- Required work -
Copy out all of the data word for word. Omit every picture.

- Information provided -
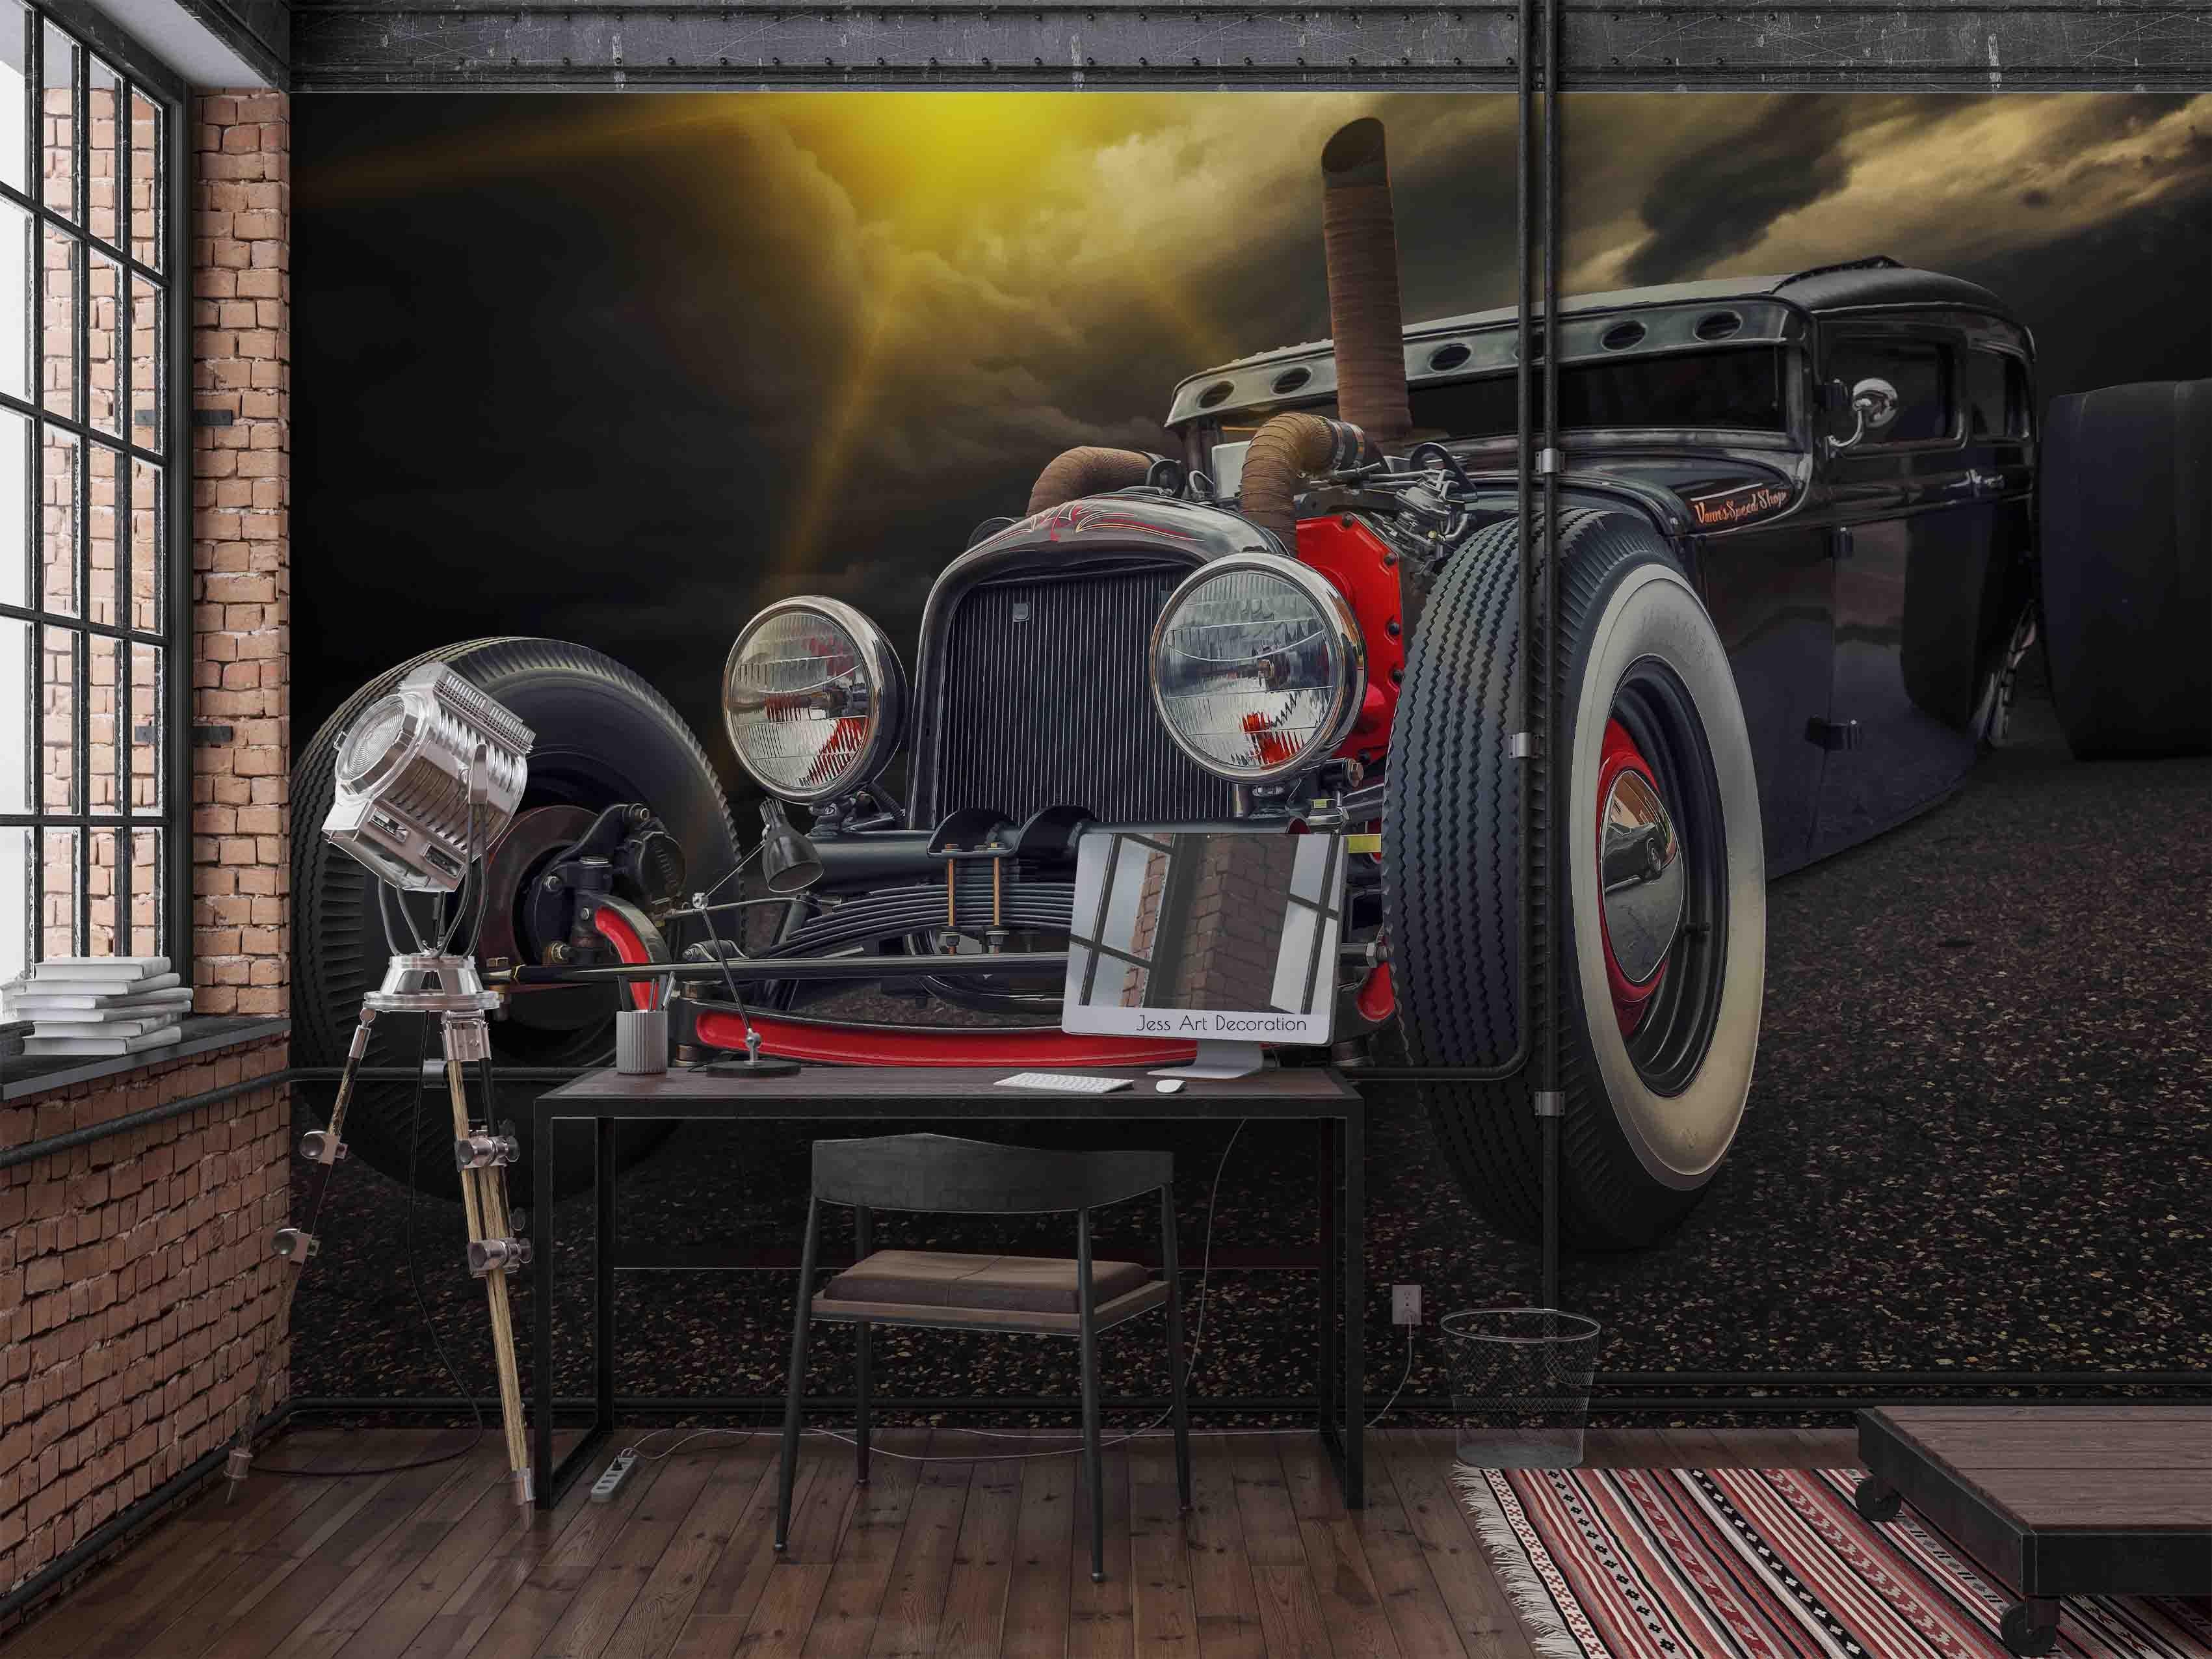 3D Vintage American Classic Car Show Wall Mural Wallpaper GD 3227- Jess Art Decoration
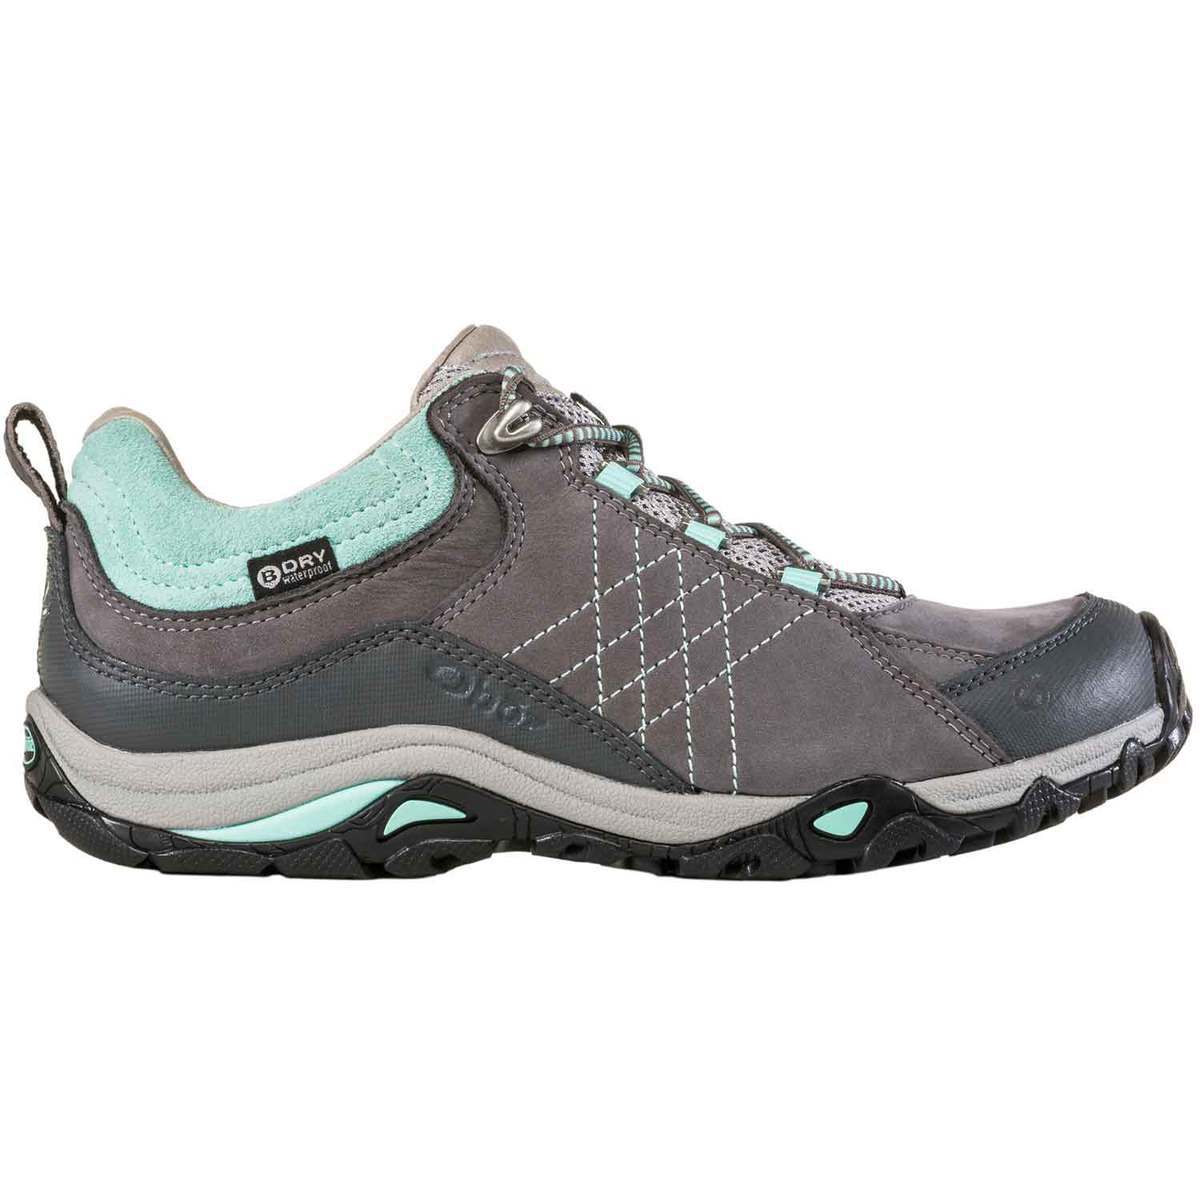 Oboz Women's Sapphire Waterproof Low Hiking Shoes - Charcoal - Size 7.5 ...
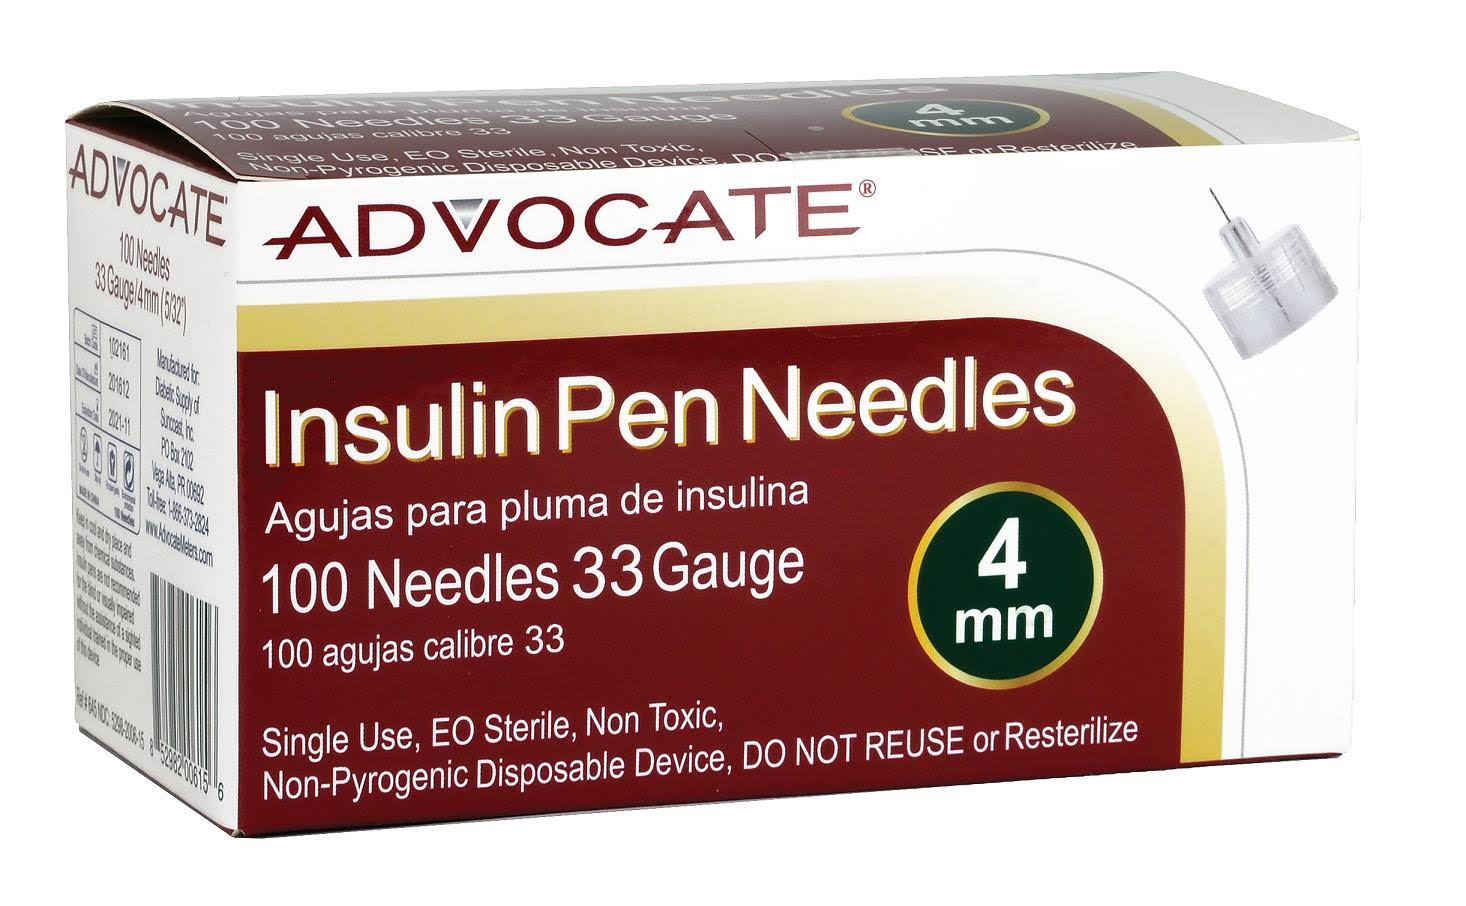 Advocate Insulin Pen Needle - 33g, 4mm, 5/32", 100ct
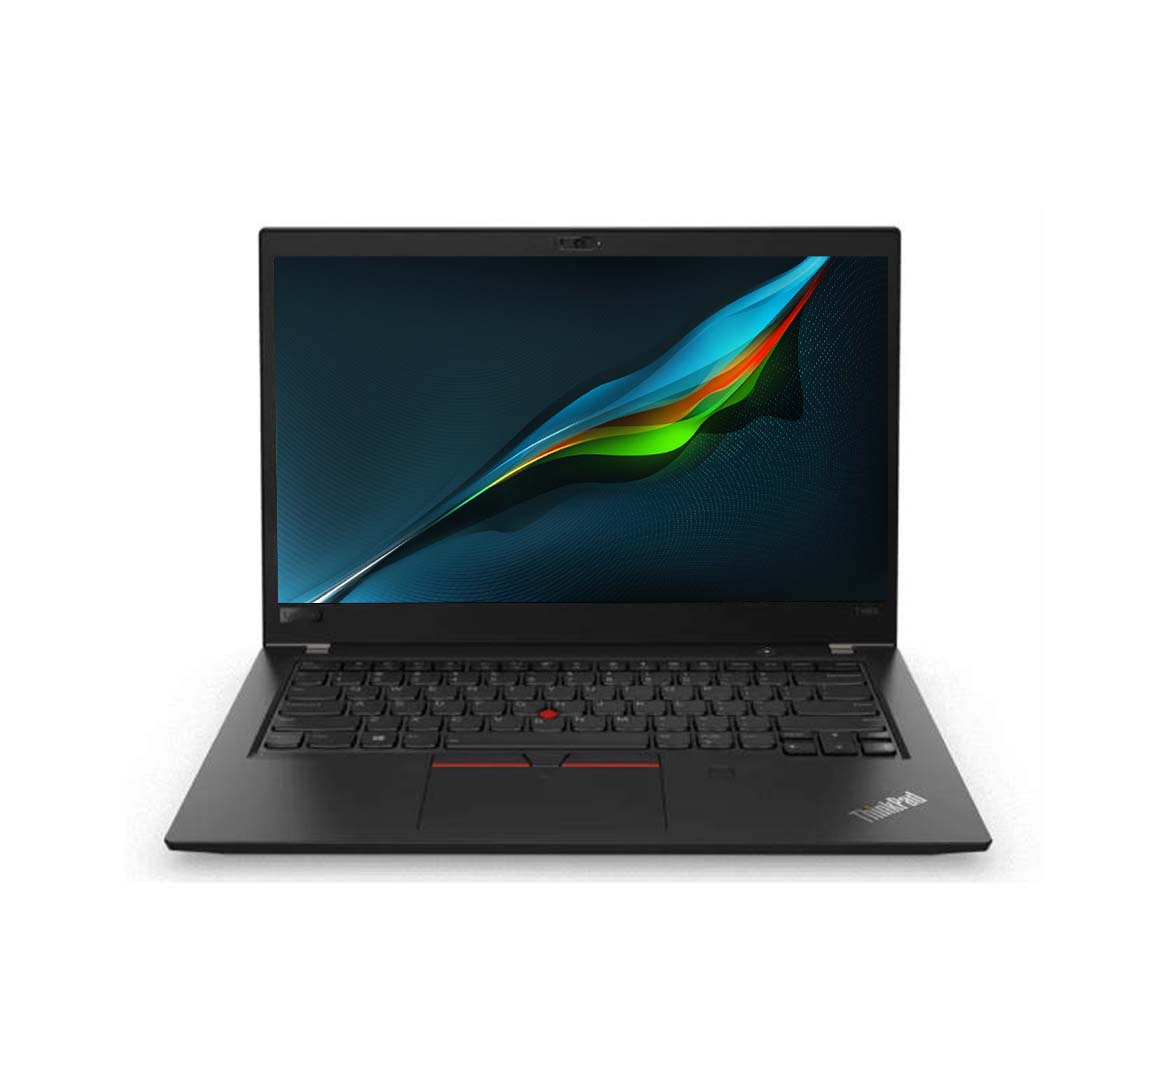 Lenovo Thinkpad T480 Business Laptop, Intel Core i5-8th Generation CPU, 8GB RAM, 256GB SSD, 14 inch Display, Windows 10 Pro

- Response to the exercise -
 3D Vintage American Classic Car Show Wall Mural Wallpaper GD 3227- Jess Art Decoration
 Oboz Women's Sapphire Waterproof Low Hiking Shoes - Charcoal - Size 7.5 ...
 Advocate Insulin Pen Needle - 33g, 4mm, 5/32", 100ct
 Lenovo Thinkpad T480 Business Laptop, Intel Core i5-8th Generation CPU, 8GB RAM, 256GB SSD, 14 inch Display, Windows 10 Pro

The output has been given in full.